Re: [PATCH -mm -v4 3/5] mm, swap: VMA based swap readahead

From: Minchan Kim
Date: Thu Sep 14 2017 - 04:15:58 EST


On Thu, Sep 14, 2017 at 08:53:04AM +0800, Huang, Ying wrote:
> Hi, Andrew,
>
> Andrew Morton <akpm@xxxxxxxxxxxxxxxxxxxx> writes:
>
> > On Wed, 13 Sep 2017 10:40:19 +0900 Minchan Kim <minchan@xxxxxxxxxx> wrote:
> >
> >> Every zram users like low-end android device has used 0 page-cluster
> >> to disable swap readahead because it has no seek cost and works as
> >> synchronous IO operation so if we do readahead multiple pages,
> >> swap falut latency would be (4K * readahead window size). IOW,
> >> readahead is meaningful only if it doesn't bother faulted page's
> >> latency.
> >>
> >> However, this patch introduces additional knob /sys/kernel/mm/swap/
> >> vma_ra_max_order as well as page-cluster. It means existing users
> >> has used disabled swap readahead doesn't work until they should be
> >> aware of new knob and modification of their script/code to disable
> >> vma_ra_max_order as well as page-cluster.
> >>
> >> I say it's a *regression* and wanted to fix it but Huang's opinion
> >> is that it's not a functional regression so userspace should be fixed
> >> by themselves.
> >> Please look into detail of discussion in
> >> http://lkml.kernel.org/r/%3C1505183833-4739-4-git-send-email-minchan@xxxxxxxxxx%3E
> >
> > hm, tricky problem. I do agree that linking the physical and virtual
> > readahead schemes in the proposed fashion is unfortunate. I also agree
> > that breaking existing setups (a bit) is also unfortunate.
> >
> > Would it help if, when page-cluster is written to zero, we do
> >
> > printk_once("physical readahead disabled, virtual readahead still
> > enabled. Disable virtual readhead via
> > /sys/kernel/mm/swap/vma_ra_max_order").
> >
> > Or something like that. It's pretty lame, but it should help alert the
> > zram-readahead-disabling people to the issue?
>
> This sounds good for me.
>
> Hi, Minchan, what do you think about this? I think for low-end android
> device, the end-user may have no opportunity to upgrade to the latest
> kernel, the device vendor should care about this. For desktop users,
> the warning proposed by Andrew may help to remind them for the new knob.

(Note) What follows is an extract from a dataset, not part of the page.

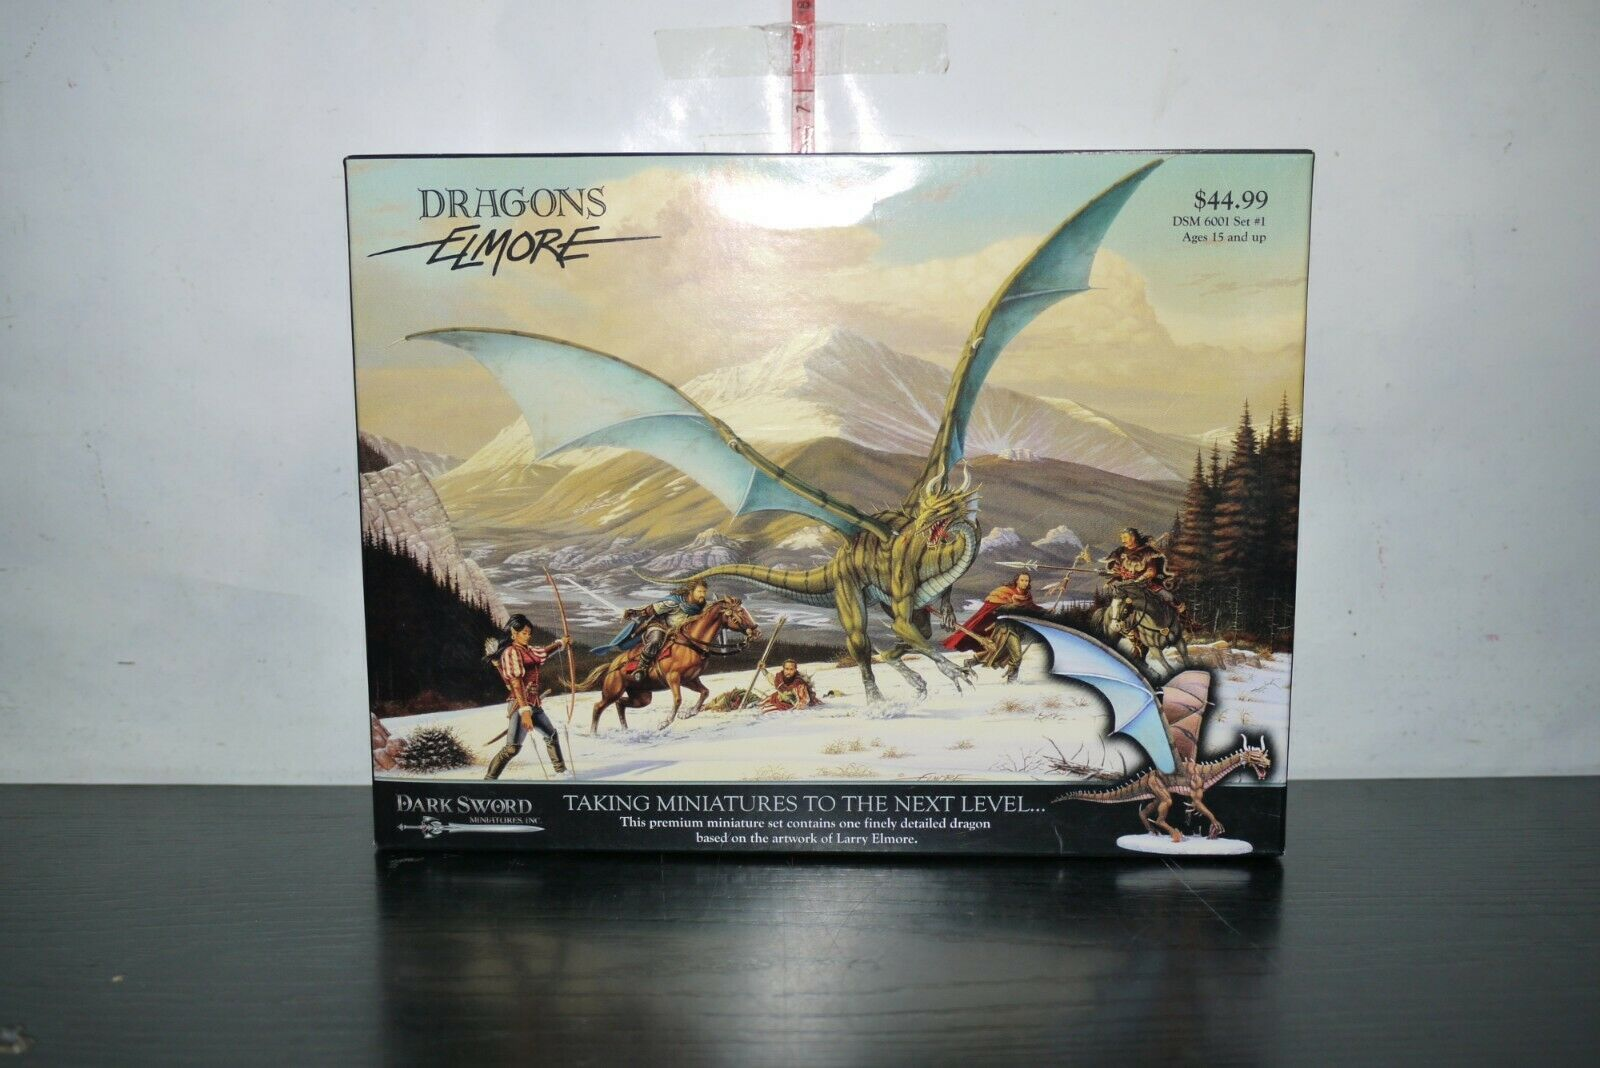 METAL GREEN DRAGON DARK SWORD MINIATURES ELMORE DSM 6001 SET BOXED

Yes, it would be option. At least, we should alert to the user to make
a chance to fix. However, can't we make vma-based readahead new config
option? Please look at the detail in my reply of andrew.

With that, there is no regression with current users and as a bonus,
user can measure both algorithm with their real workload with both
algorithm rather than artificial benchmark. I think recency vs spartial
locality would have each pros and cons so that kind soft landing would
be safer option rather than sudden replacing.
After a while, we can set new algorithm as default.